Milva is one of the most interesting cards in the game, as she has a fairly unique effect that can punish an unwary player tremendously. When paired up with Roach, she essentially singlehandedly fixes the coinflip if you are to go first. Because of this, she’s invaluable in the current meta where card advantage is essential and in most cases also autoincludes Roach in the deck as well. Aside from gaining card advantage by using Milva, you can also use her in a more reactive fashion against a grand variety of decks whose main goal is buffing a single unit, like Skellige wounding decks with Axemen, Monsters Consume with Vran Warriors, or even Nilfgaard deck with Impera Brigades. Milva can also be used to steal enemy spies, providing an extra card advantage opportunity which can be a game-changing play.

In the Scoia’tael matchup, Milva is necessary, as card advantage is imperative to be able to take the game in round 3 with Aglaïs or a buffed braenn.
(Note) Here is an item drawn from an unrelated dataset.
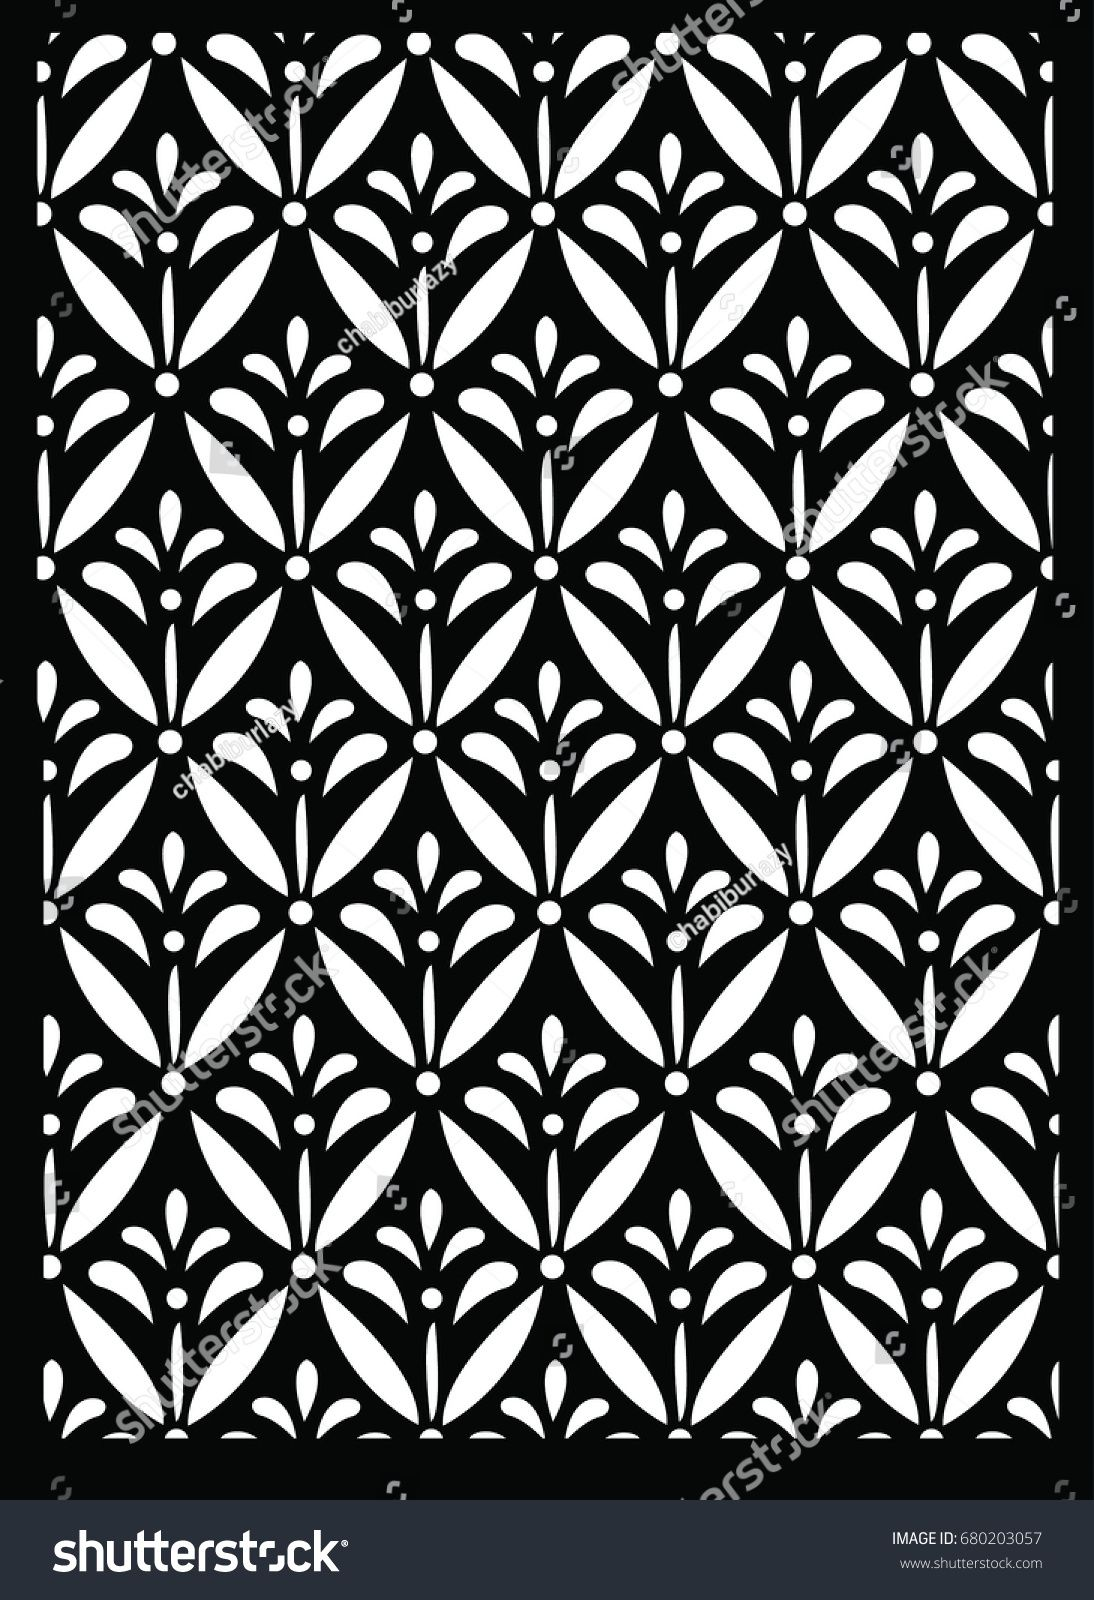 clipart black and white download Vector color stock. Kawung indonesian batik black

Milva is countered heavily in the current meta by Cyprian Wiley, which is one of her major downsides. Regardless of her very useful effect, Milva also has an astounding 8 strength gold body, and more importantly, she’s played in the siege row which is ideal in the current Scoia’tael control meta.


First Light


Although First Light might not seems like a powerful card at first, any veteran Scoia’tael player can tell you that not including 3 copies of this spell in a control scoia’tael deck would considerably lower it’s winrate. First of all, it offers an answer to one of the strongest tempo swings in the game, weather. In the few cases where you need to use clear skies to get rid of any weather the opponent has summoned, it’s value is normally about 10-20, which is considerable for a bronze card.

It’s true strength relies on it’s second effect, Rally. Not only does card bring out a bronze unit from your deck, it brings out the topmost bronze unit. This means, that if a bronze unit was the first card you’d draw in Round 2 and you had two gold cards after it, after using you’re guaranteed to draw both gold cards. By itself and in a deck where there aren’t truely any bad targets for the rally effect at any point in time, it’s clear why it’s a very strong card. But if you then take into account the synergy it has with elven mercenaries and gold cards like isengrim, it’s hard to doubt First Light’s importance in Scoia’tael control.

If we consider the effects of a single rally usage on our future topdecks, it’s easy to see how using three of them in Round 1 and other cards like Brouver’s Leader Ability or King of Beggars can increase our gold card topdecks in Round 2 or 3 exponentially, making First Light an extremely powerful card even though on the surface it seems like a fairly basic bronze spell.